## THE DATA
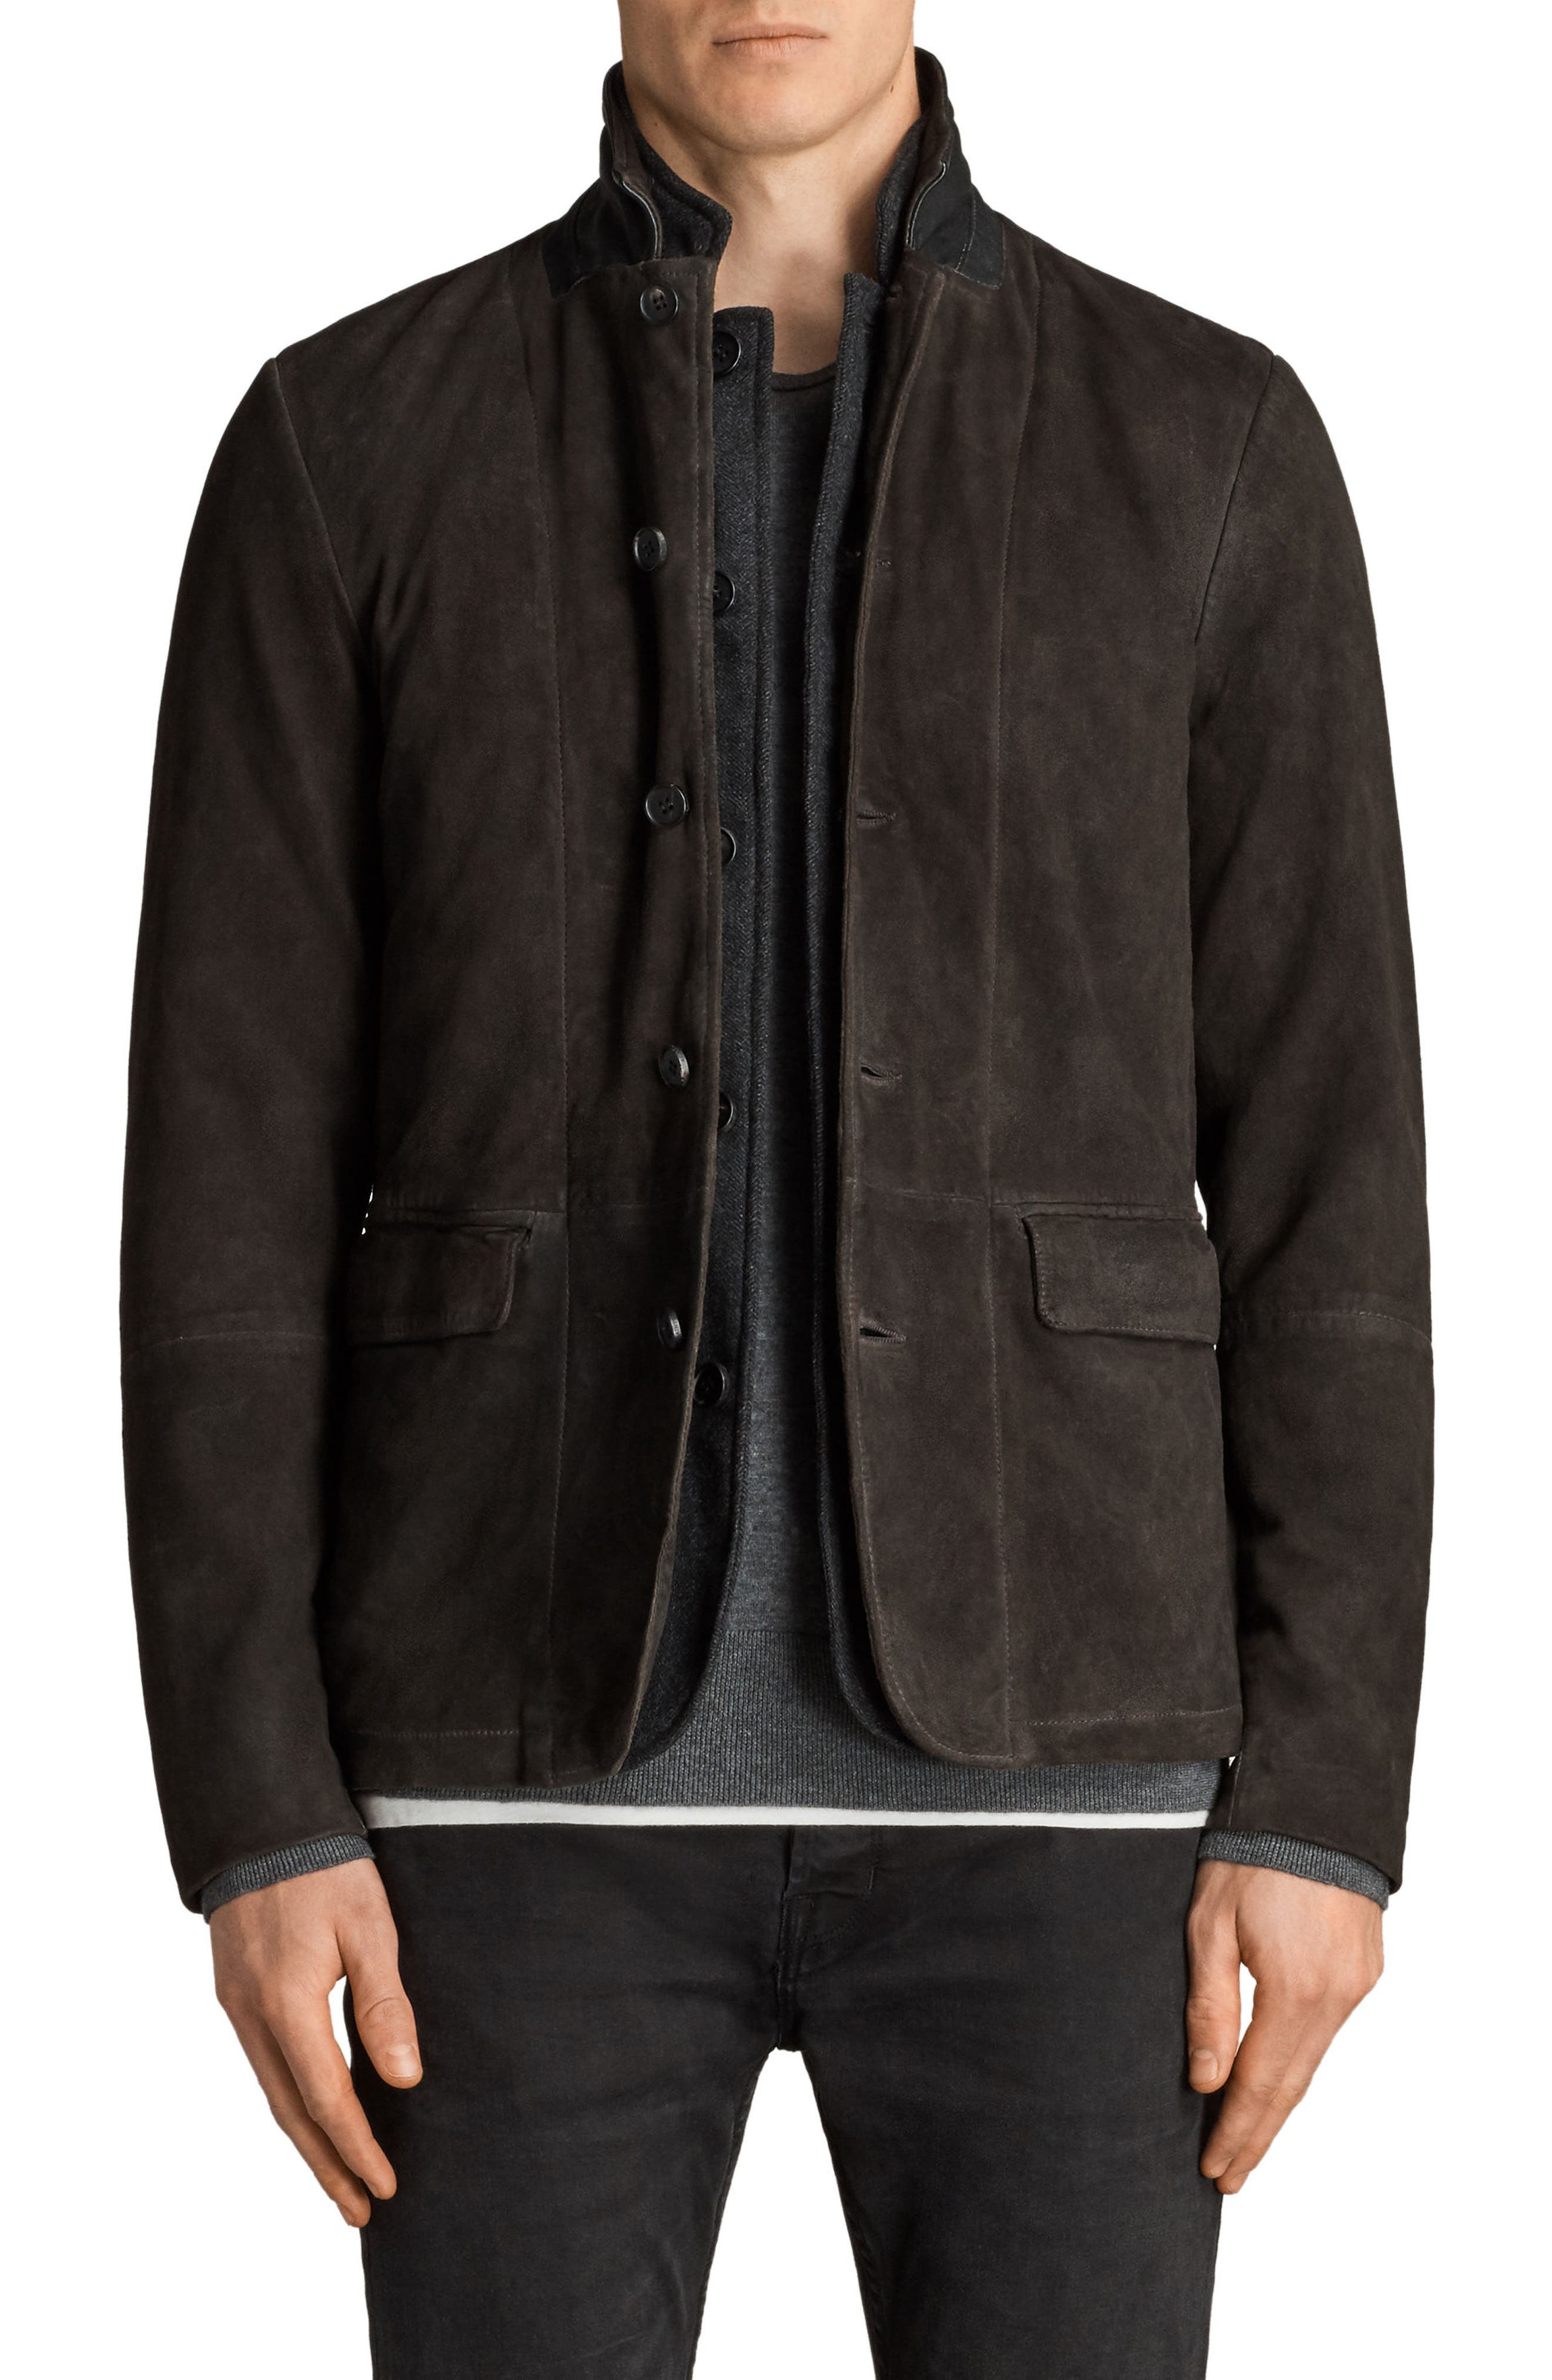 Survey Leather Blazer,                         Main,                         color, Anthracite Grey
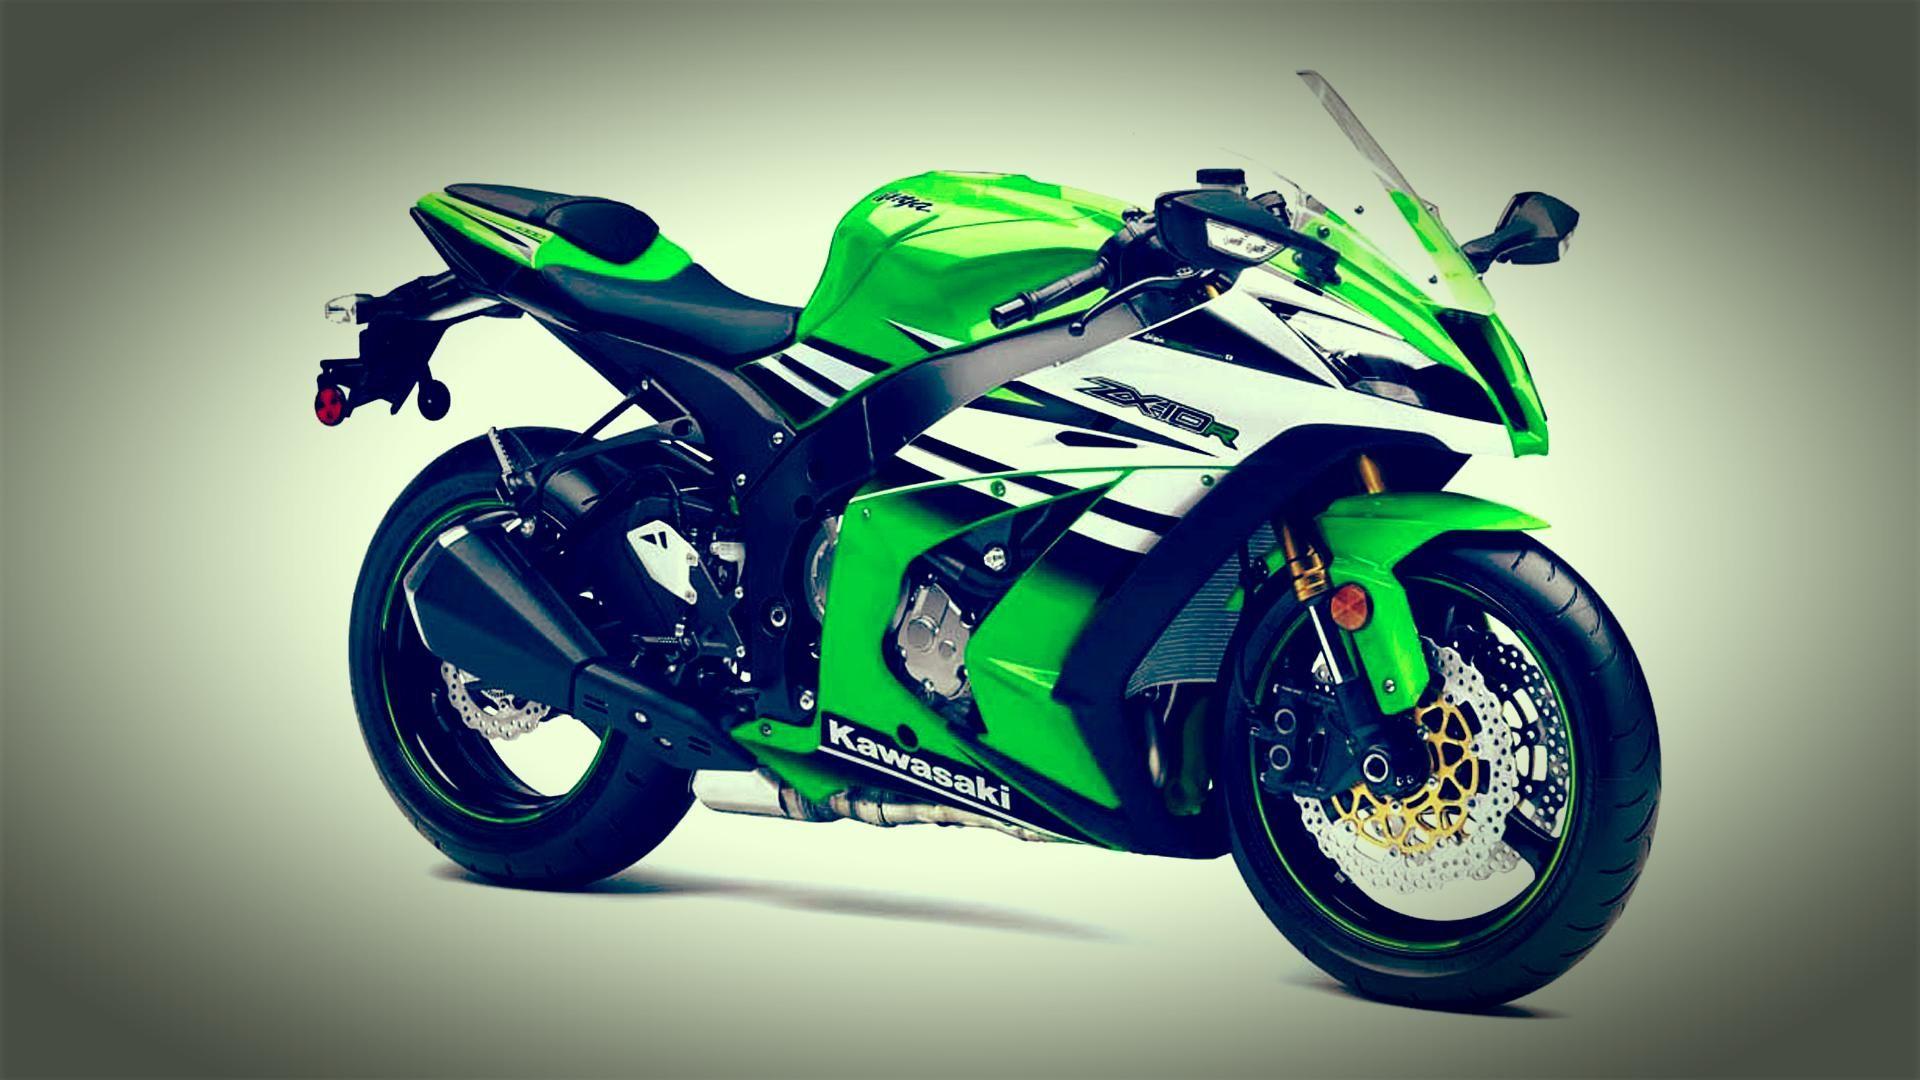 Kawasaki Ninja 1000 Wallpaper For Iphone Motorcycle Wallpaper Ninja Motorcycle Hd Motorcycles
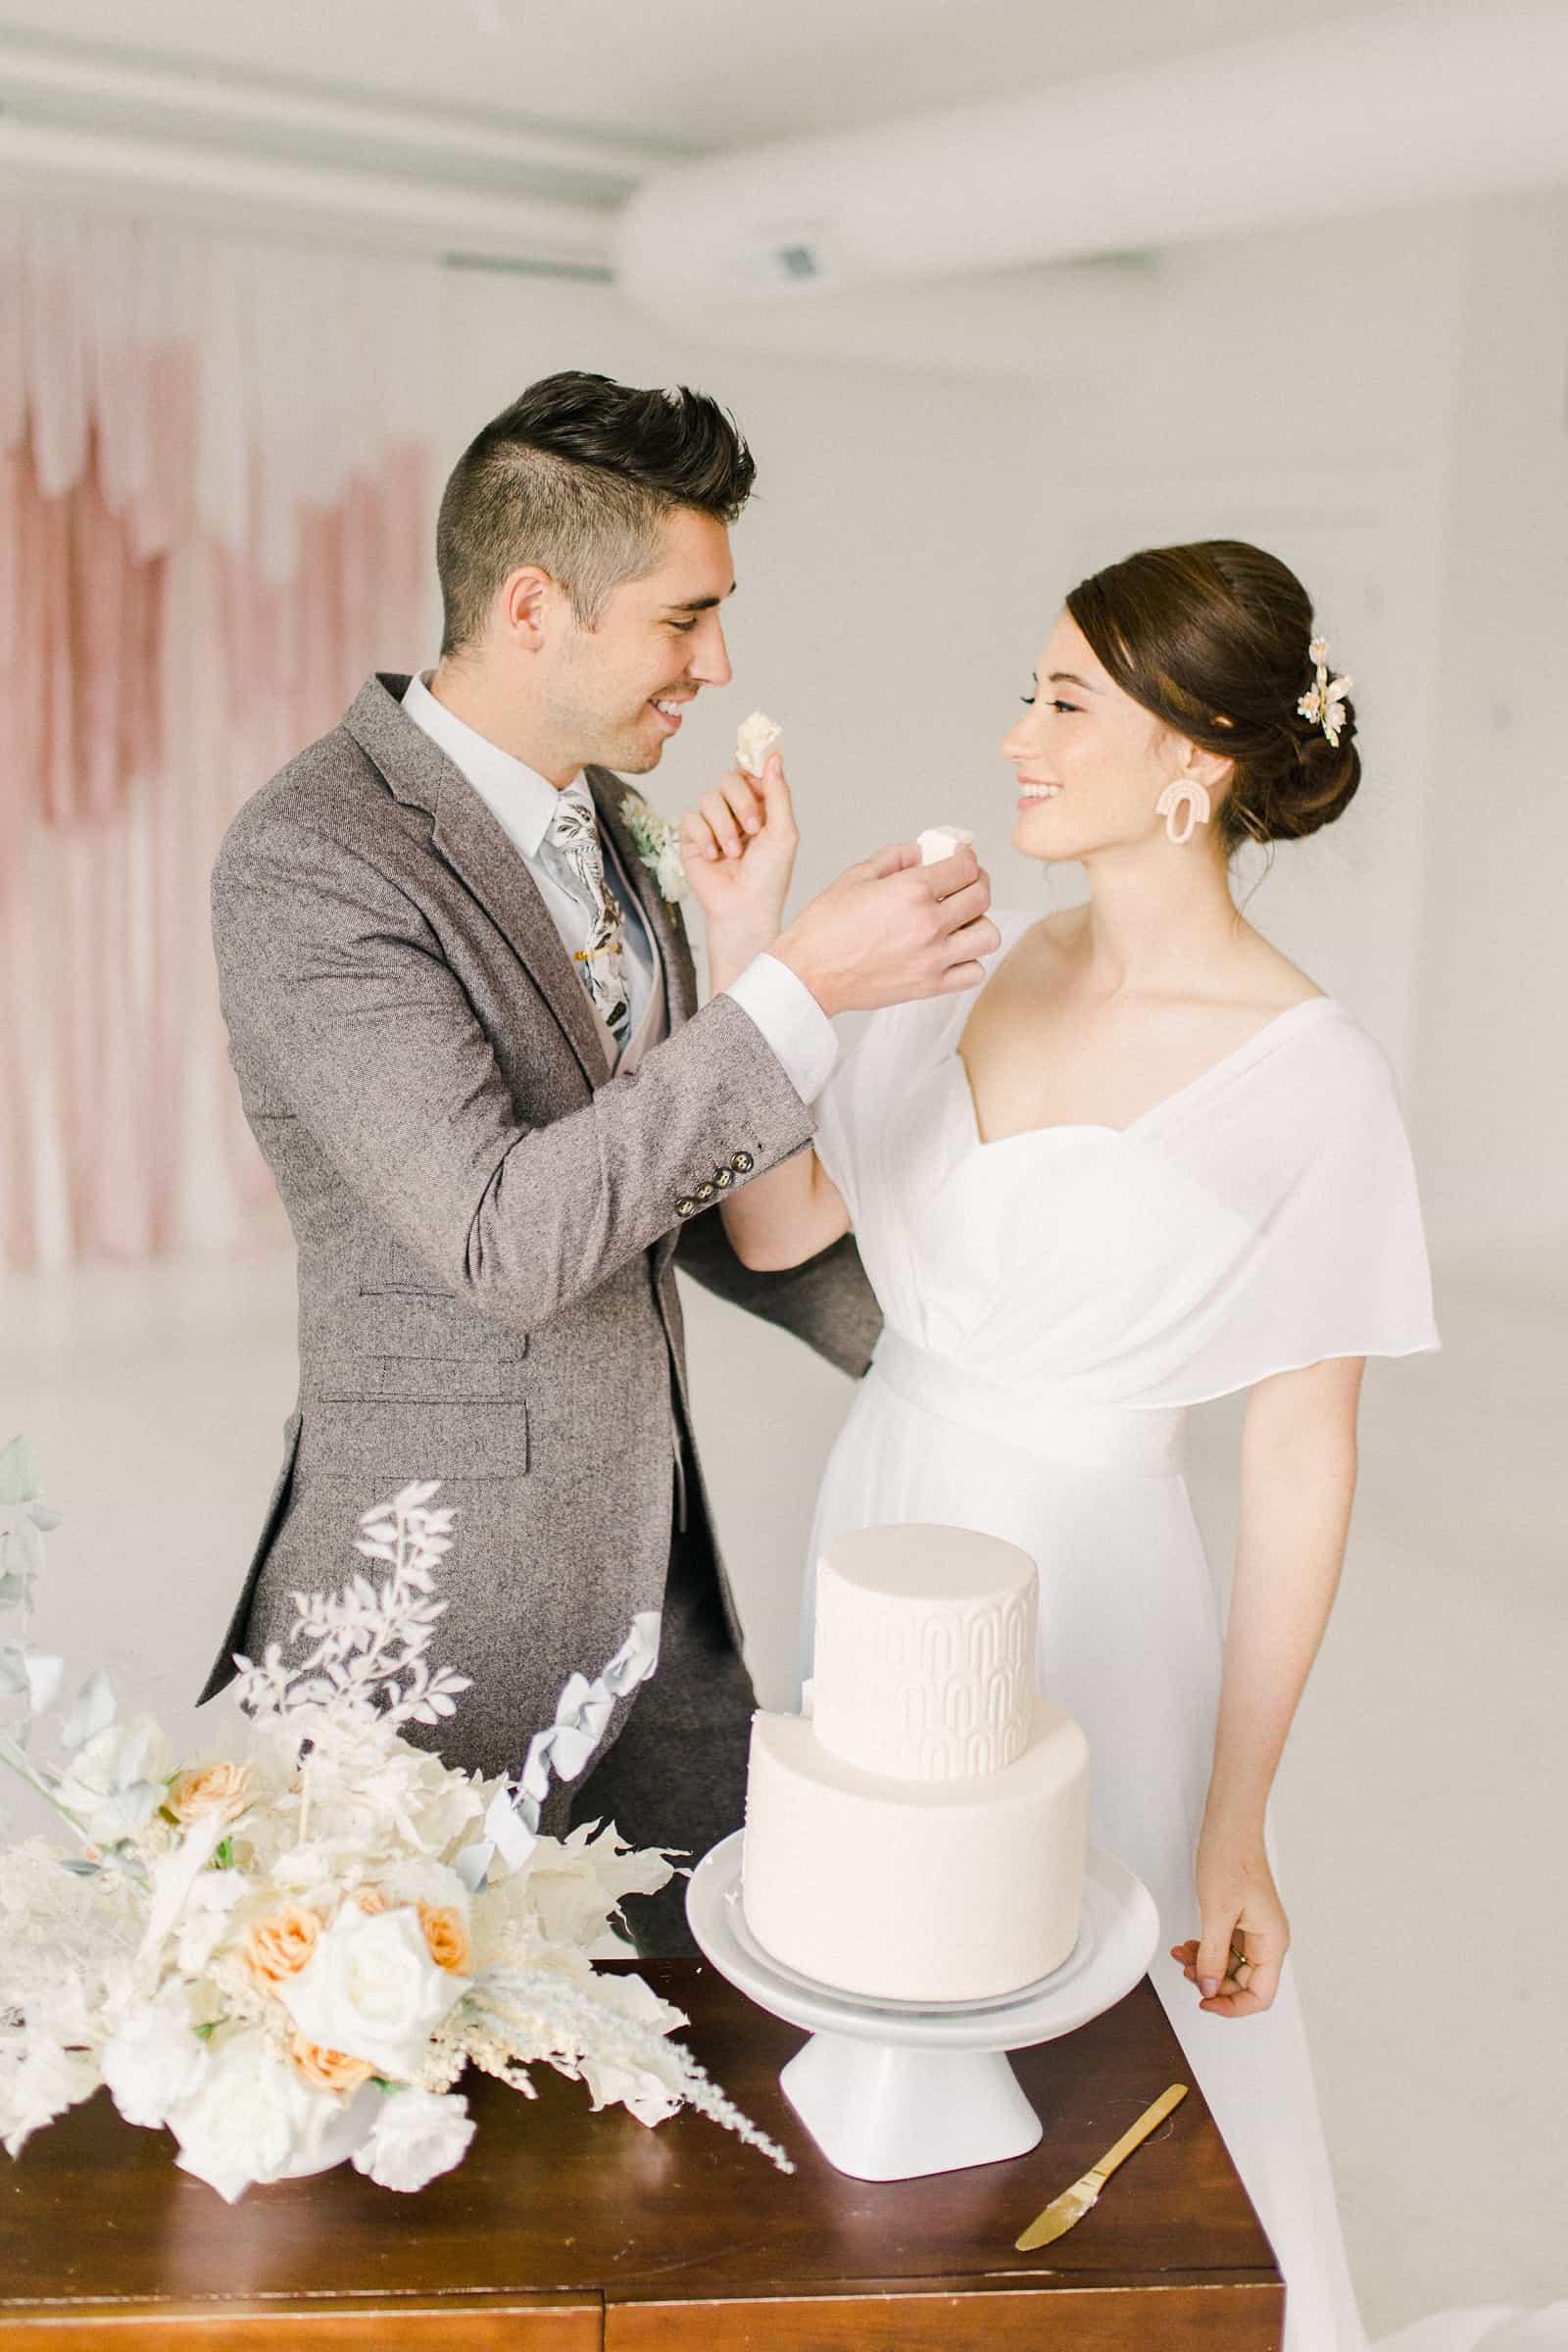 Bride and groom feed each other wedding cake, modern wedding

## HOW TO COMPLETE THIS TASK
Ignoring the pictures, write out word for word the lines from the line containing "Kawasaki Ninja 1000" through the end of the material above.

## RESULT FOR THIS EXERCISE
 Kawasaki Ninja 1000 Wallpaper For Iphone Motorcycle Wallpaper Ninja Motorcycle Hd Motorcycles
 Bride and groom feed each other wedding cake, modern wedding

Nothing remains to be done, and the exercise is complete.